I am cautious about writing about this dude. After all, Eljohn is a private citizen, a young man who might just be displaying his millennial/ post-millennial attitude of taking things lightly. So for him, that rally against Trump and against ASEAN was just a prop to air his biting one liner. When a protester with a microphone asked have we gotten jobs that the government promised, he shouted "MAGSIPAG-APPLY KAYO! HIRING KAMI!" (Go apply for a job! We're hiring!)

I'll talk about this attitude that's prevalent among millennials and post-millennials. Social awareness among this group is gone. In its place is social media apathy and attention-seeking. It's a kind of attitude that is centered on the self, empowered by the smartphone (such an ironic name for a device) to push the need for attention through garnering likes and comments. No matter how trivial or serious the circumstance, the attitude is to strike a pose and say I'm in the middle of this and loving it.

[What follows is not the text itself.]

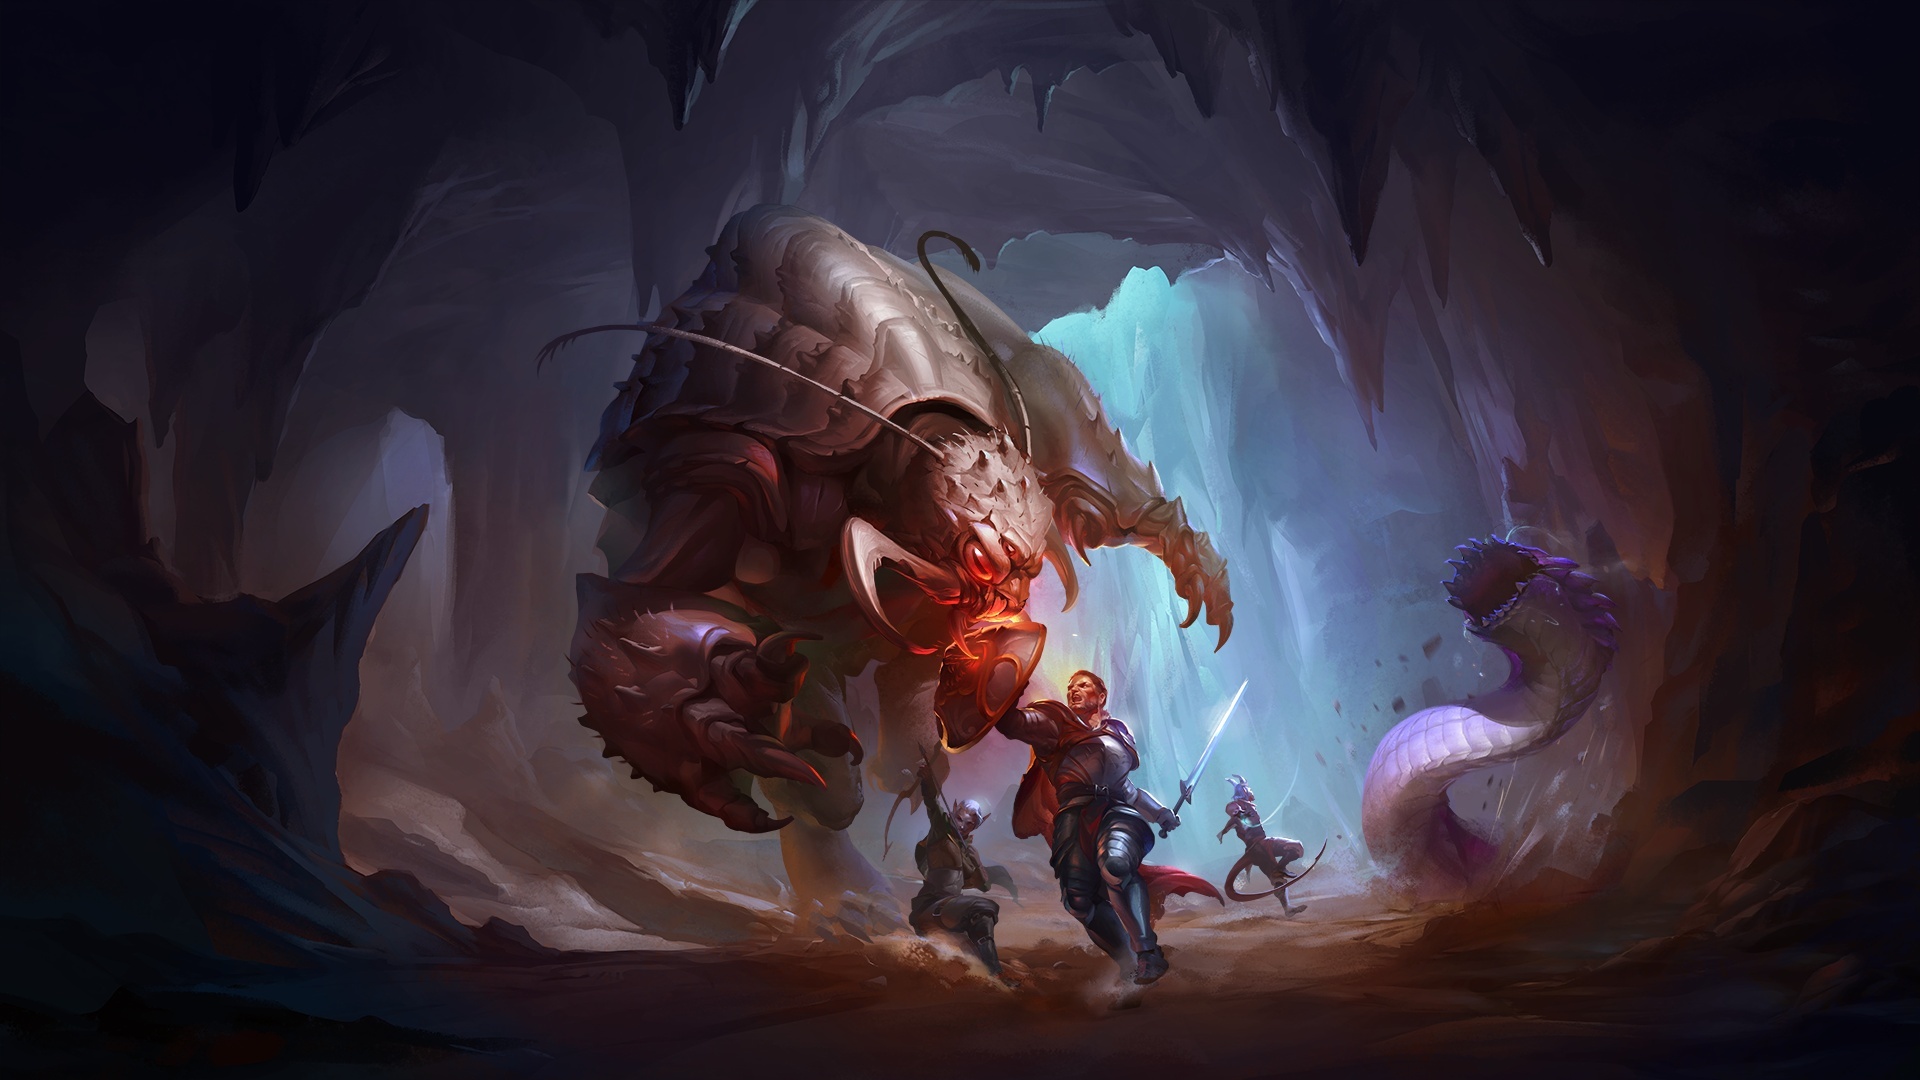 Neverwinter: Undermountain Brings Iconic Dungeons & Dragons Campaign to Life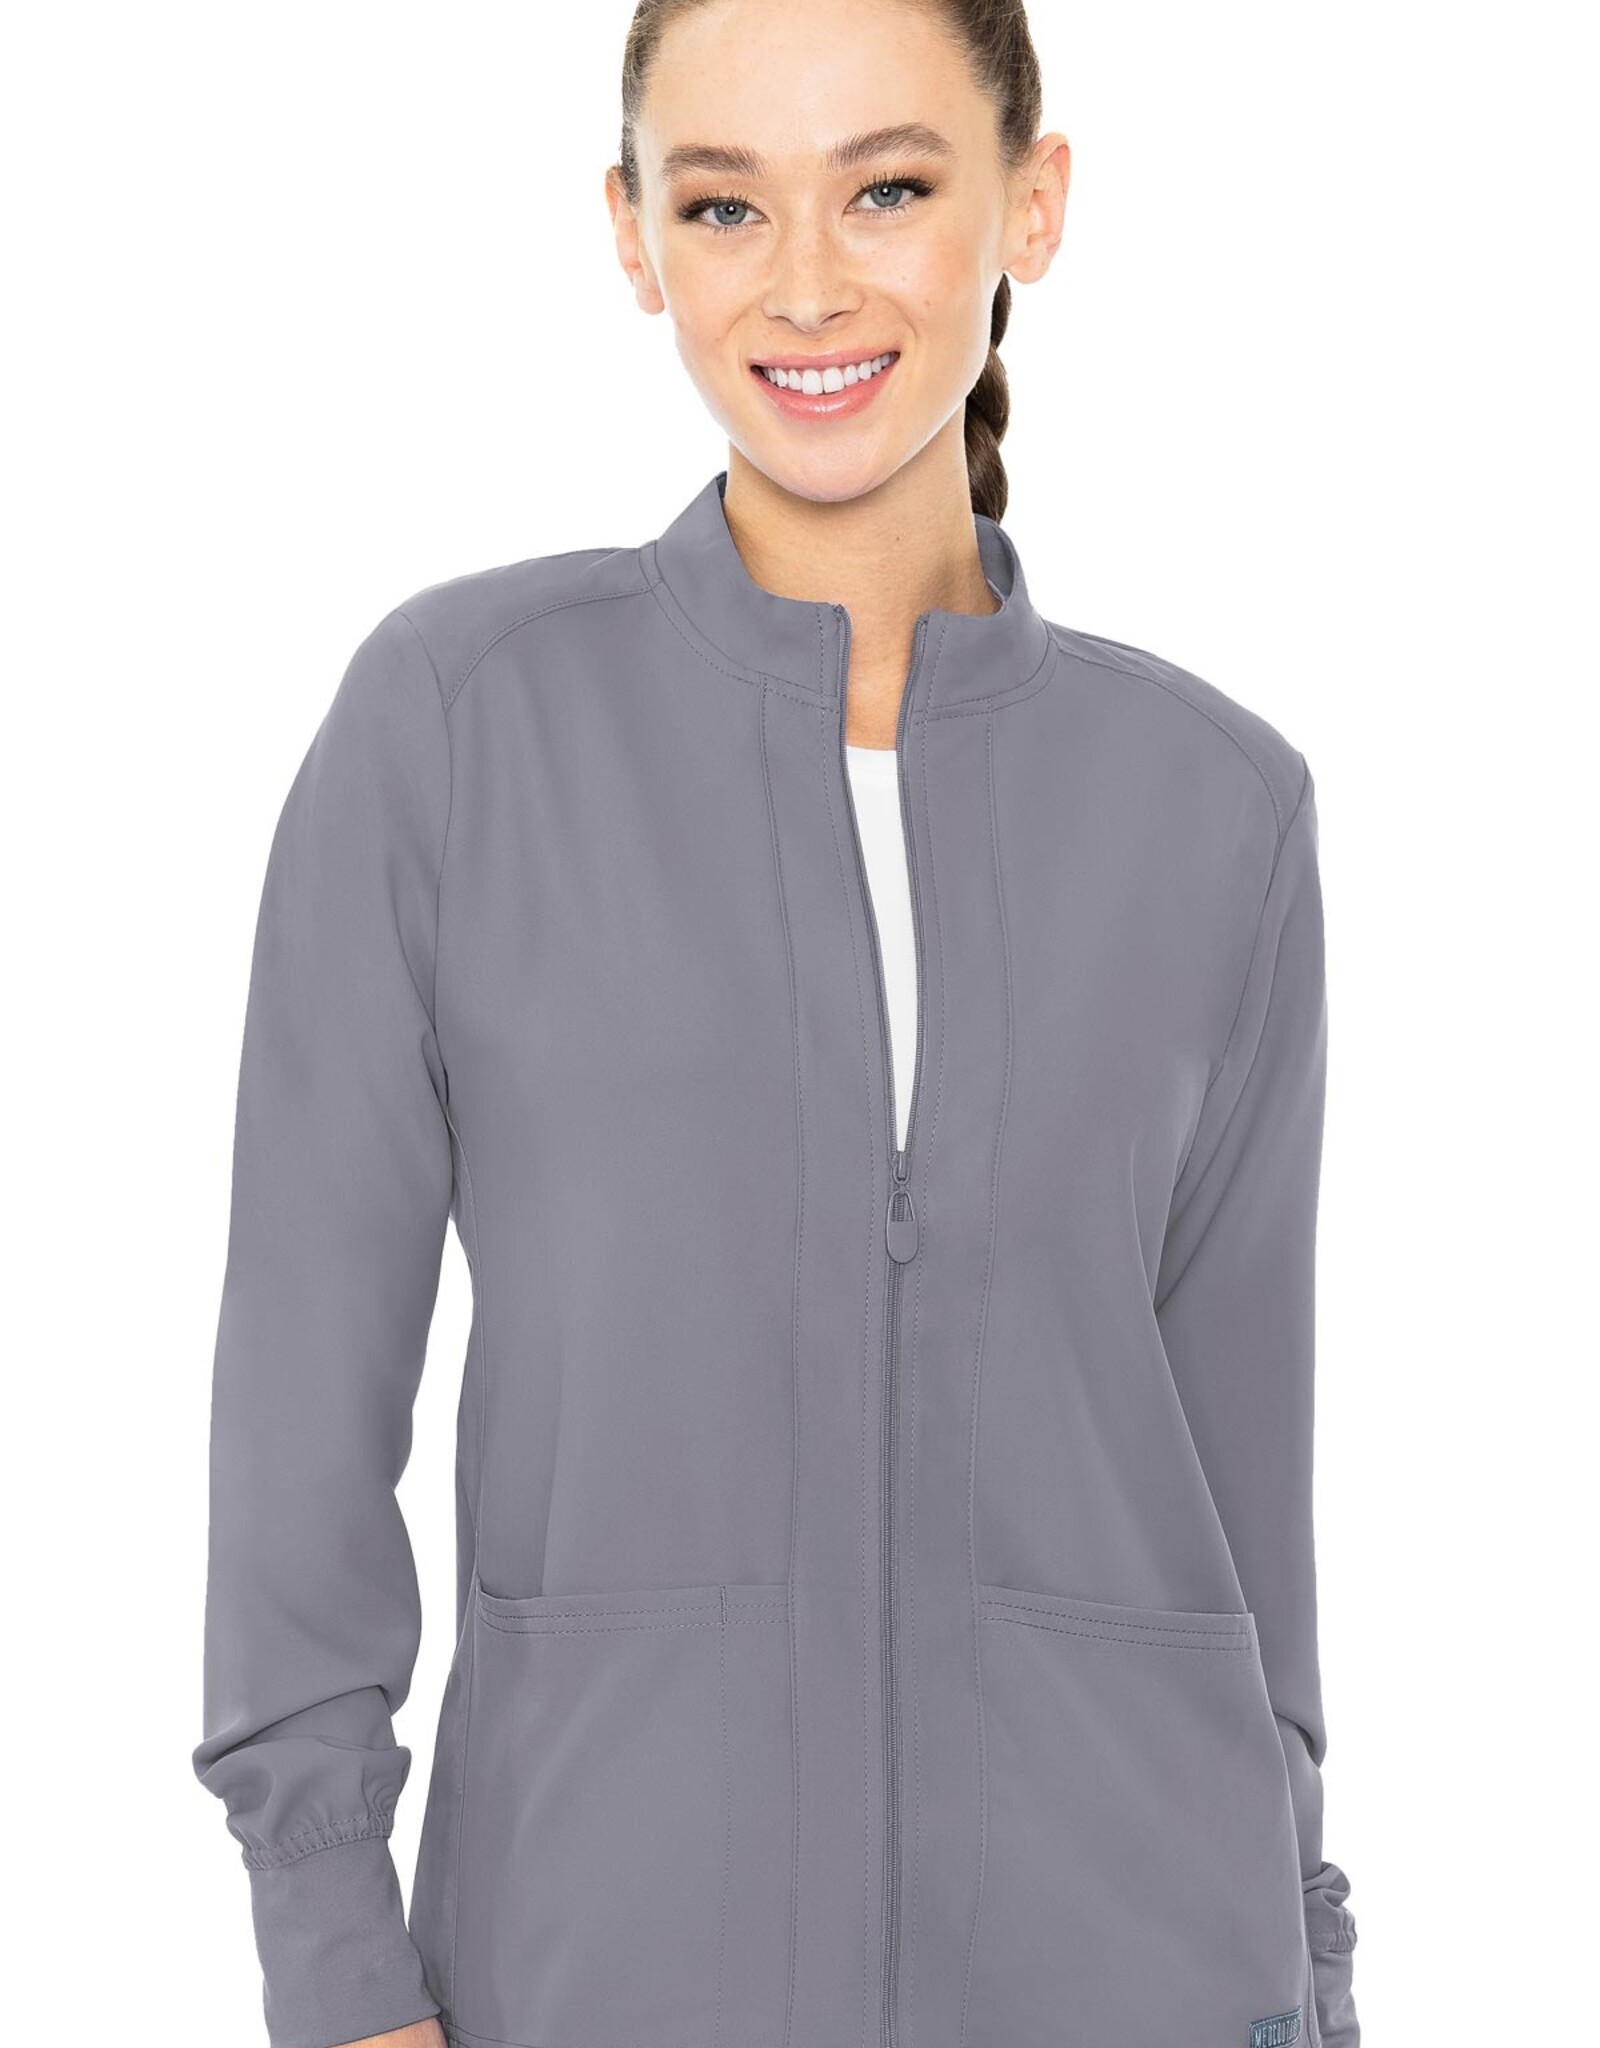 Med Couture Insight Women'sFront pocket Warm Up (Plus)

But Eljohn's pose and post, and the comments it gathered is something else. It's a display of insensitivity to make fun of protesters who were blasted with water cannons and sonic boom device that may cause damage to hearing, is just plain insensitive.

To merely brush the rallyists as lazy for not applying for work displays an ignorance of our current state. As one netizen points out, that vantage view of the privilege fails to see that poverty is tied up to a system that makes them poor. A system where education is a privilege, people are just part of a supply chain for contractual work, and communities can be demolished to be replaced with malls, subidvisions and factories.

It's a wonder how this "educated" youth attuned to trends and theories fail to grasp the issues surrounding ASEAN or for that to the struggles of the poor, farmers, Lumads and Moro in people in Mindanao who are displaced in this grand scheme of economic cooperation and integration. It's been easy for them to brush the protesters as "bayaran" without looking at the historic validity of rallies and movements in correct injustices.

One activist quoted a quote from a nun, Sr. Emelina Villegas, ICM, who said and I translate: "Sometimes those who are so engrossed with 'selfies' will nurture a very self-centered view, that they do not feel or see the people around them."

Does this show millennials and post-millennials are really tuned out of the real world? I don't think so. Because if there is an Eljohn displaying apathy, there is also a Shibby de Guzman among today's youth who gives a damn. Shibby is the 14-year old St. Scholastica student, whose presence at the Marcos' burial earned her recognition as one of Time Magazine's 30 most influential teens of 2017. On earning that spot she said joining the rally "was an opportunity to do good. It was the right thing to do."

Between Eljohn and Shibby is a choice. Between apathy and awareness, between popular and political, between self and society.